Just a factual correction, since I'm on the wrong board. Vaccination cannot protect anyone 100%. No medicine can. Anyone who suggests that is being misleading.
(from my daughter).
(from my daughter).

I'm late to the party, but I totally get why the OP asked this question. It is so beyond sad that we don't even have the freedoms to make these important decisions for our OWN children in what is supposed to be a free country, and that we have to resort to this kind of thinking just to allow our children to go to school. I personally don't agree with faking documents, but I'm also very blessed to live in Canada, so I don't have to face these challenges. My heart goes out to you.
I really love this forum and that we non-vaccers have a place to come and support each other. I haven't been on much lately, because I really resent that so many of you pro-vaccers feel the need to come here and ruin the experience. Don't you people have anything better to do? Seriously, I would never even think of posting on a board that had nothing to do with me or my beliefs. I get that you disagree with our stance on vaccinations, but bite your tongue and move on...or better yet, don't read it in the first place.
Chloebelle, I actually think that this conversation has lost sight of the OP and her actual situation.
To wit - she lives in Massachusetts. In my extensive experience with Massachusetts (I live there too, and have two children who attend school and daycare here, I grew up here, and attended school here myself until I was 18, my siblings and friends have children who attend both public and private schools here), the OP emphatically does NOT have to resort to this kind of thinking in order to "allow" her children to go to school.
It is my experience in this state that, if the OP wants to not vaccinate her kids, she could find a sympathetic pediatrician (which she could do by hitting the tribal areas section of this very board and asking around), and offer a letter to the schools - basically, a pediatrician's note saying that the children are healthy and there is no reason they cannot participate in school and camp activities, listing their allergies (if they have any), and stating that the children are not vaccinated for (medical/philosophical/religious) reasons. This is what I did when I needed my kids to be not vaccinated for a while. It worked fine.
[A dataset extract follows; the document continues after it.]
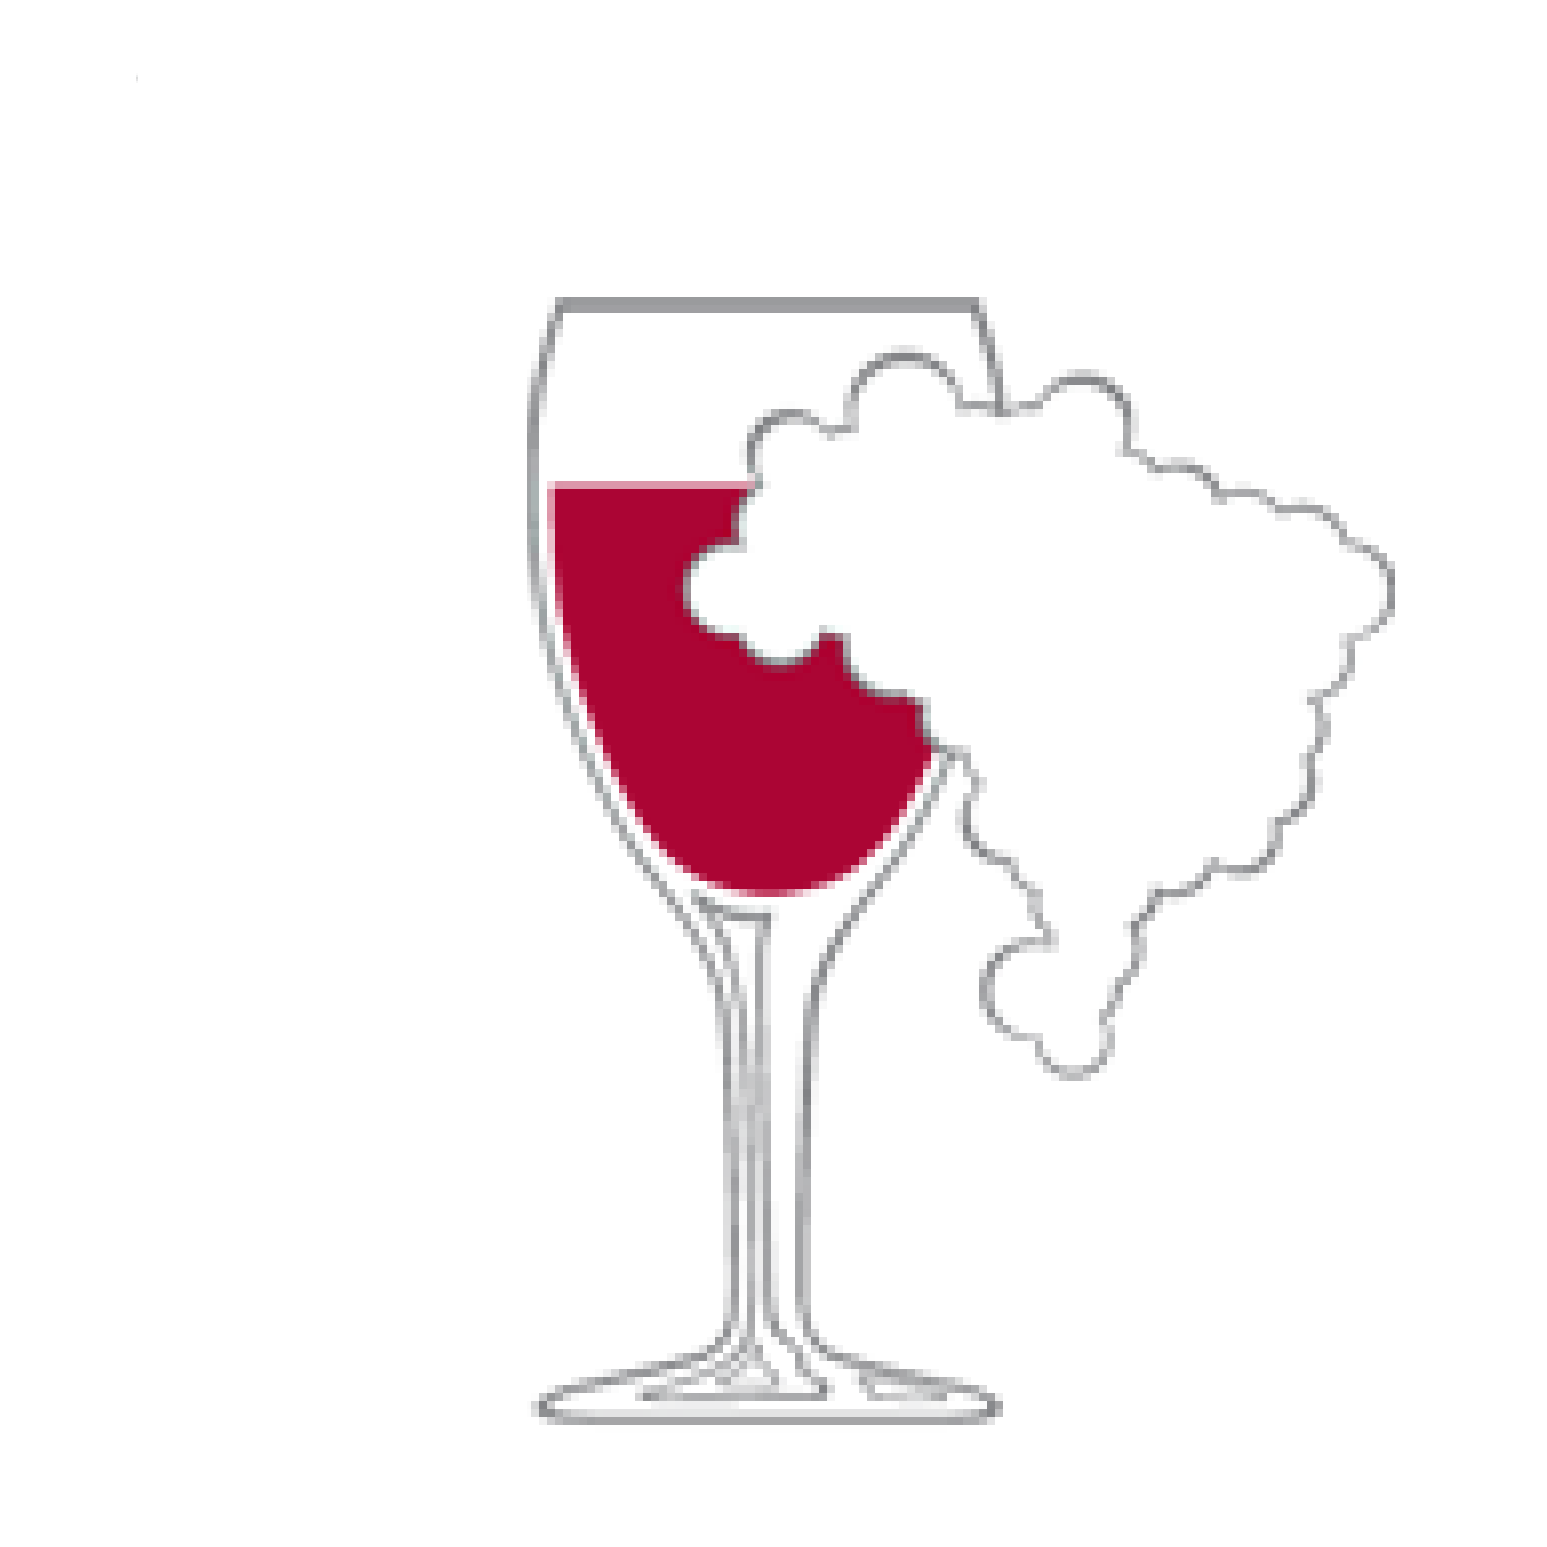 SBAV - Associação Brasileira dos Amigos do Vinho

Whatever reasons the OP may have to feel that forging a vaccine record is the best plan, I do not feel that they are rooted in the realities of the place she lives, or the laws that apply there.
This conversation has departed to a discussion of what would happen in certain worst-case scenarios in which different laws applied and doctors were under more scrutiny. Some of these scenarios are genuine - some states really are making it harder to get exemptions. Some of these scenarios, however, are just made up. Doctors are not currently scrutinized based on the number of exemptions they give to patients, for example.